◆ **Action item**
From the line with "Levostranné resekce pankreatu" to the line with "A.P.C.-OUTLET-SALE-Bucket hat-ARCHIVIST", retype each line exactly as it stands in the records below, but skip the pictures.

(Given records Opens)

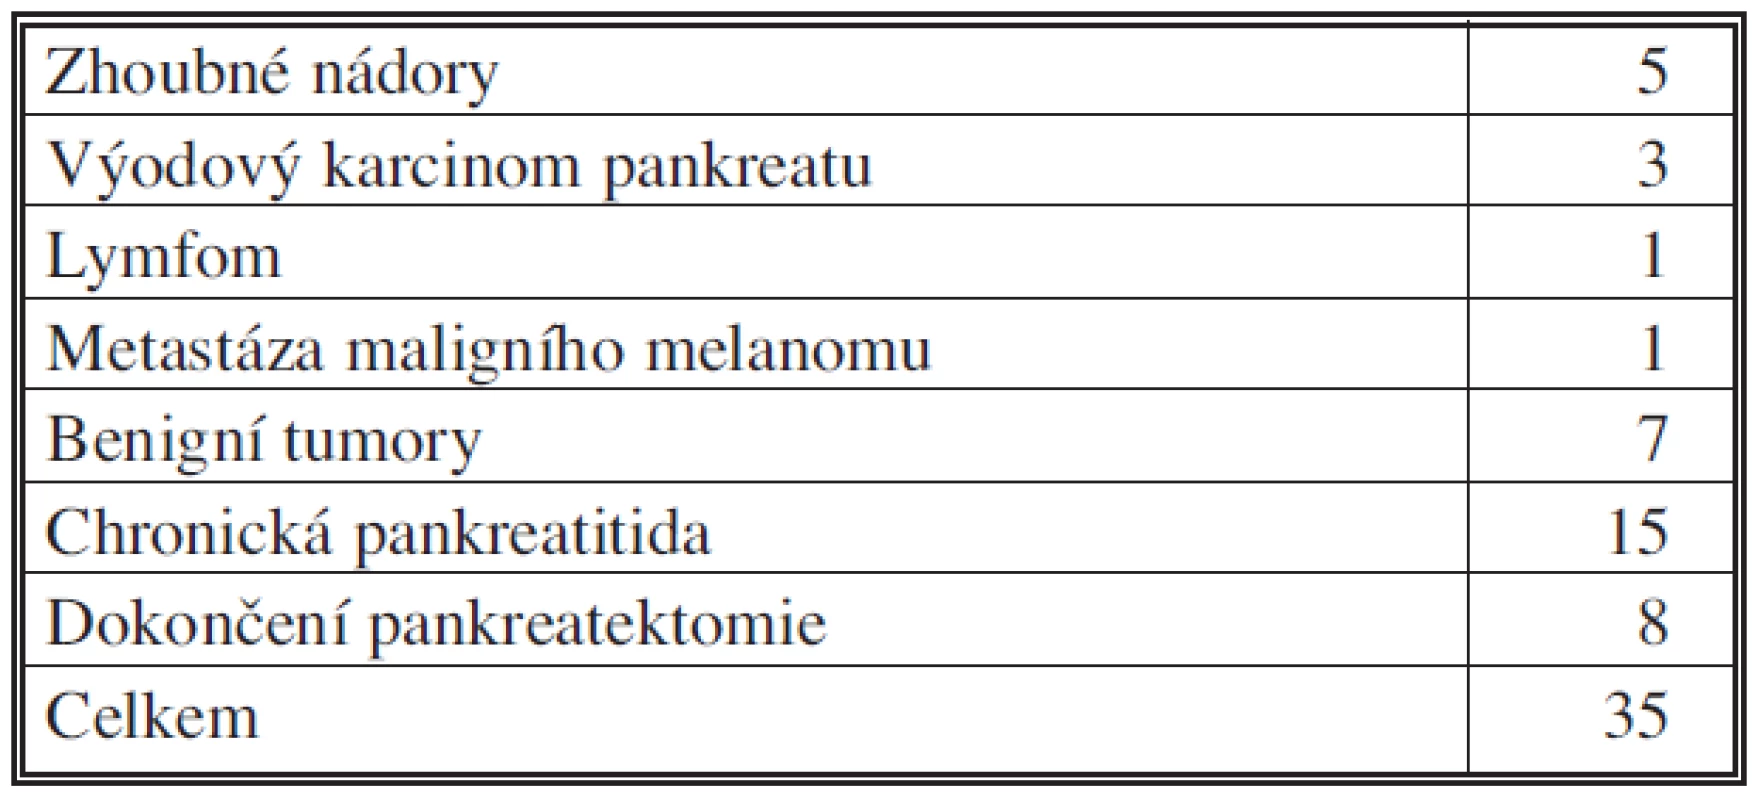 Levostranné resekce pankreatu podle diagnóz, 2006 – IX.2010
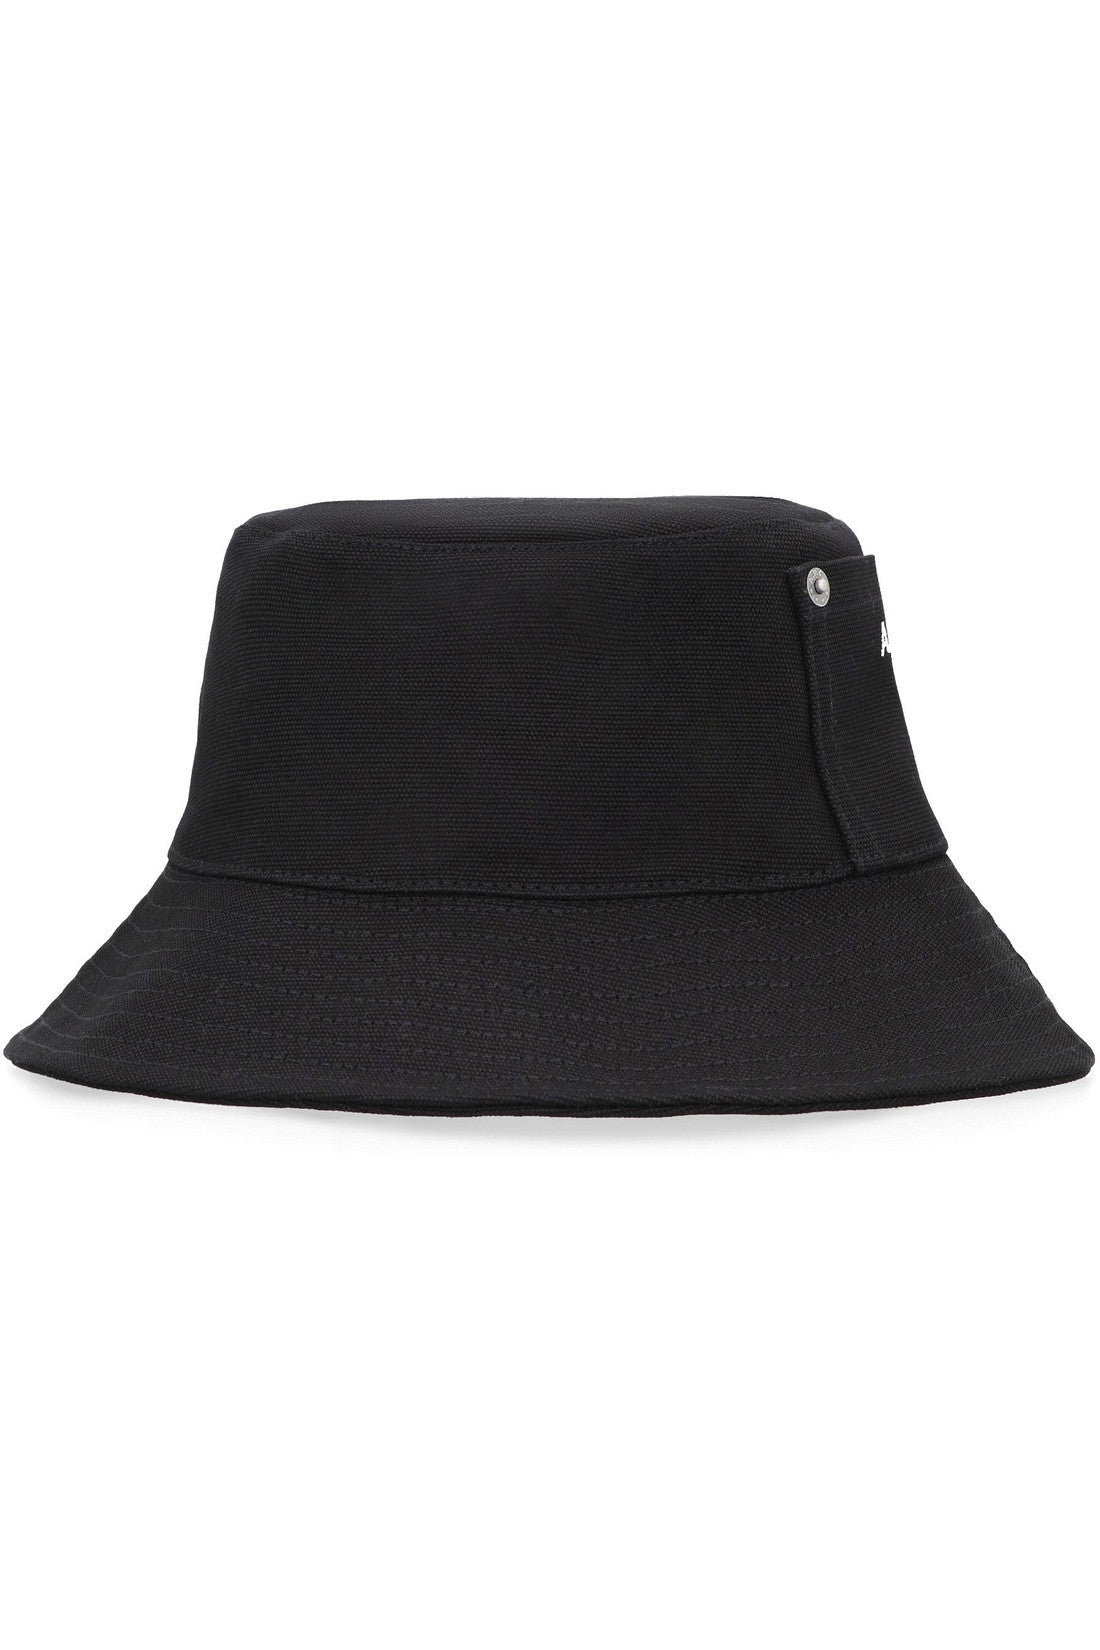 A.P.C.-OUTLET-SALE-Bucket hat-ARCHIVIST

(Given records Closes)
(Given records Opens)

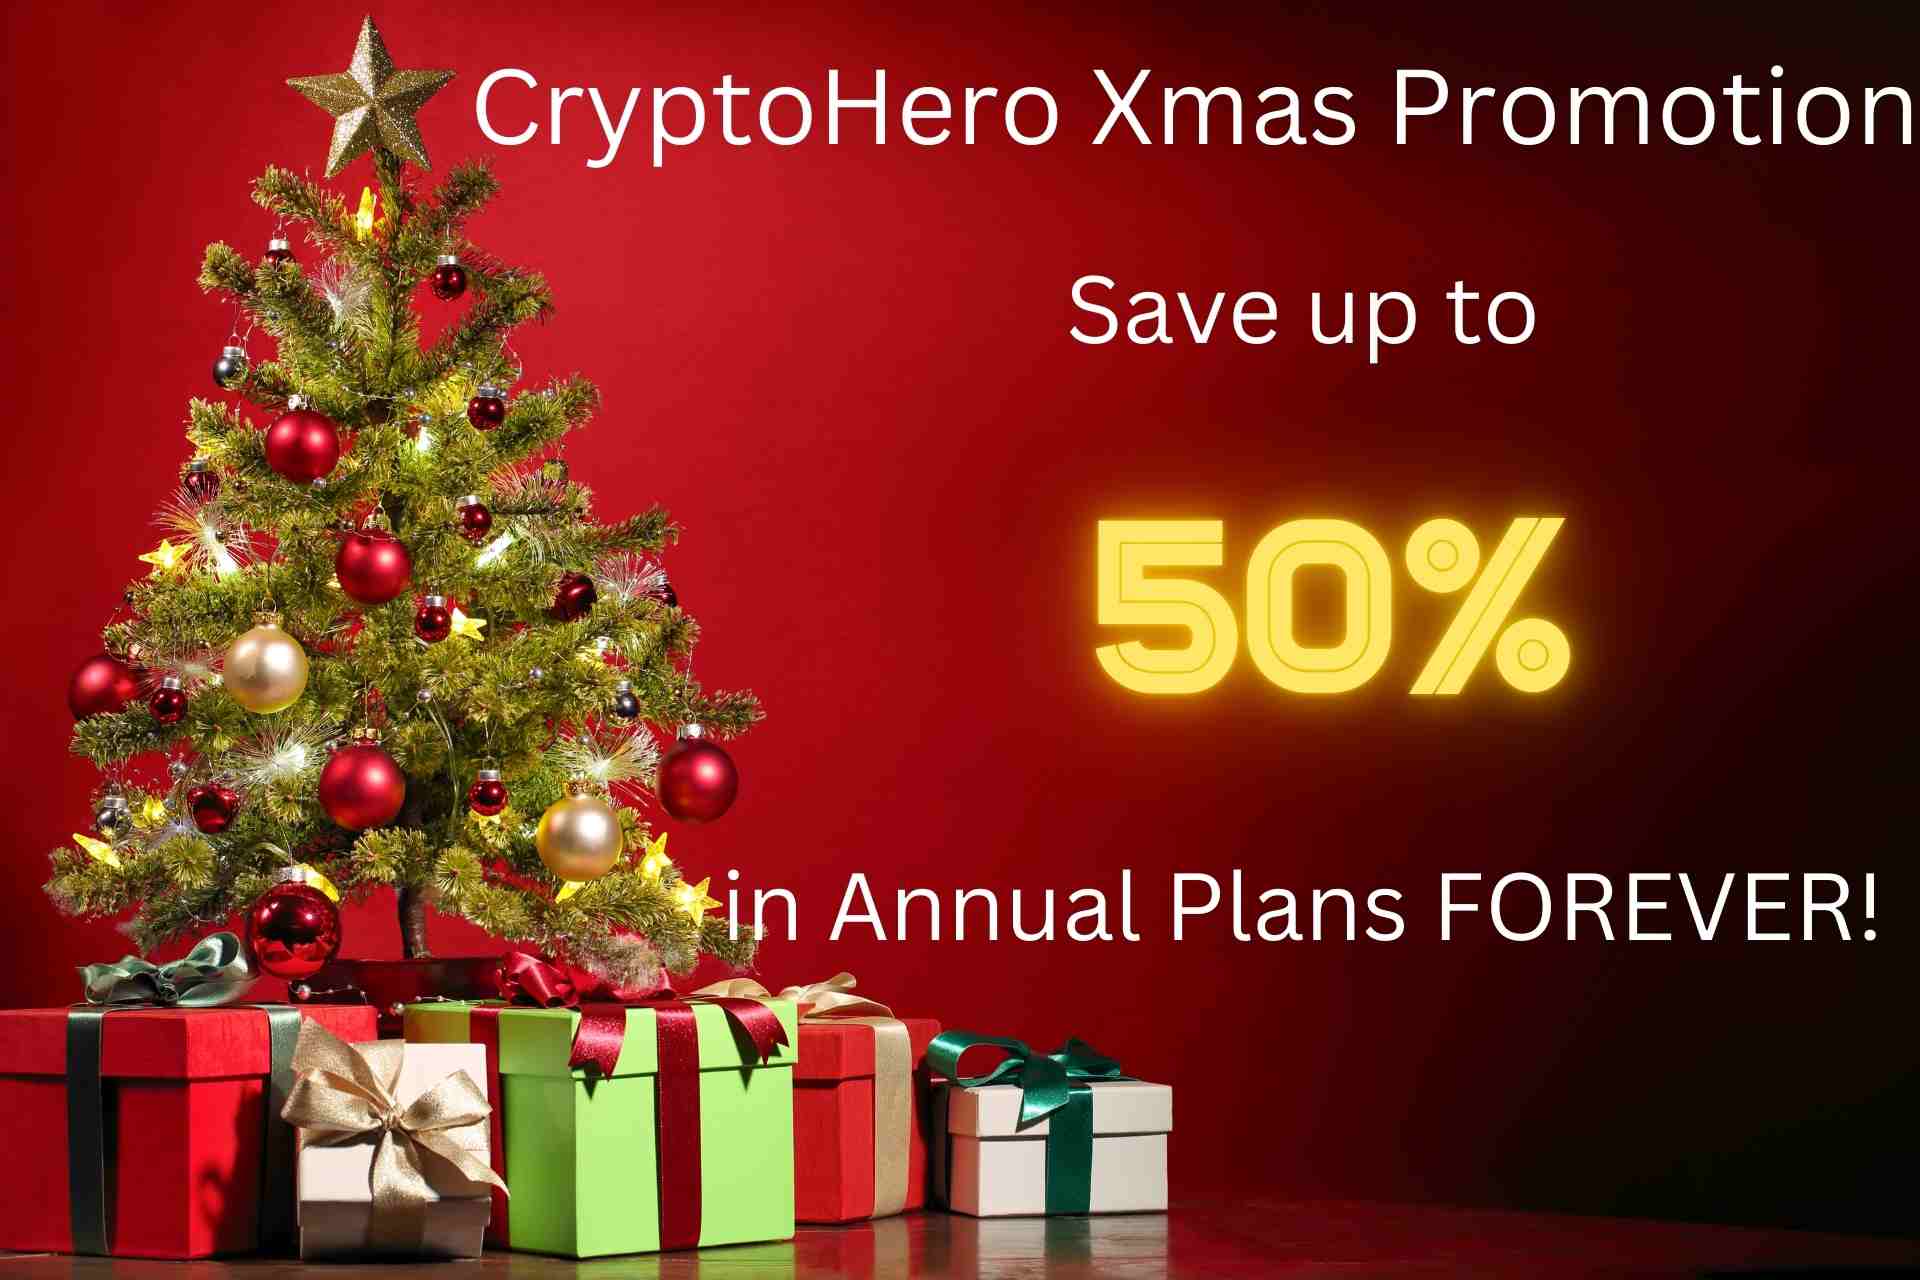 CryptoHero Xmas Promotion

(Given records Closes)

◆ **Result of the task**
 Levostranné resekce pankreatu podle diagnóz, 2006 – IX.2010
 A.P.C.-OUTLET-SALE-Bucket hat-ARCHIVIST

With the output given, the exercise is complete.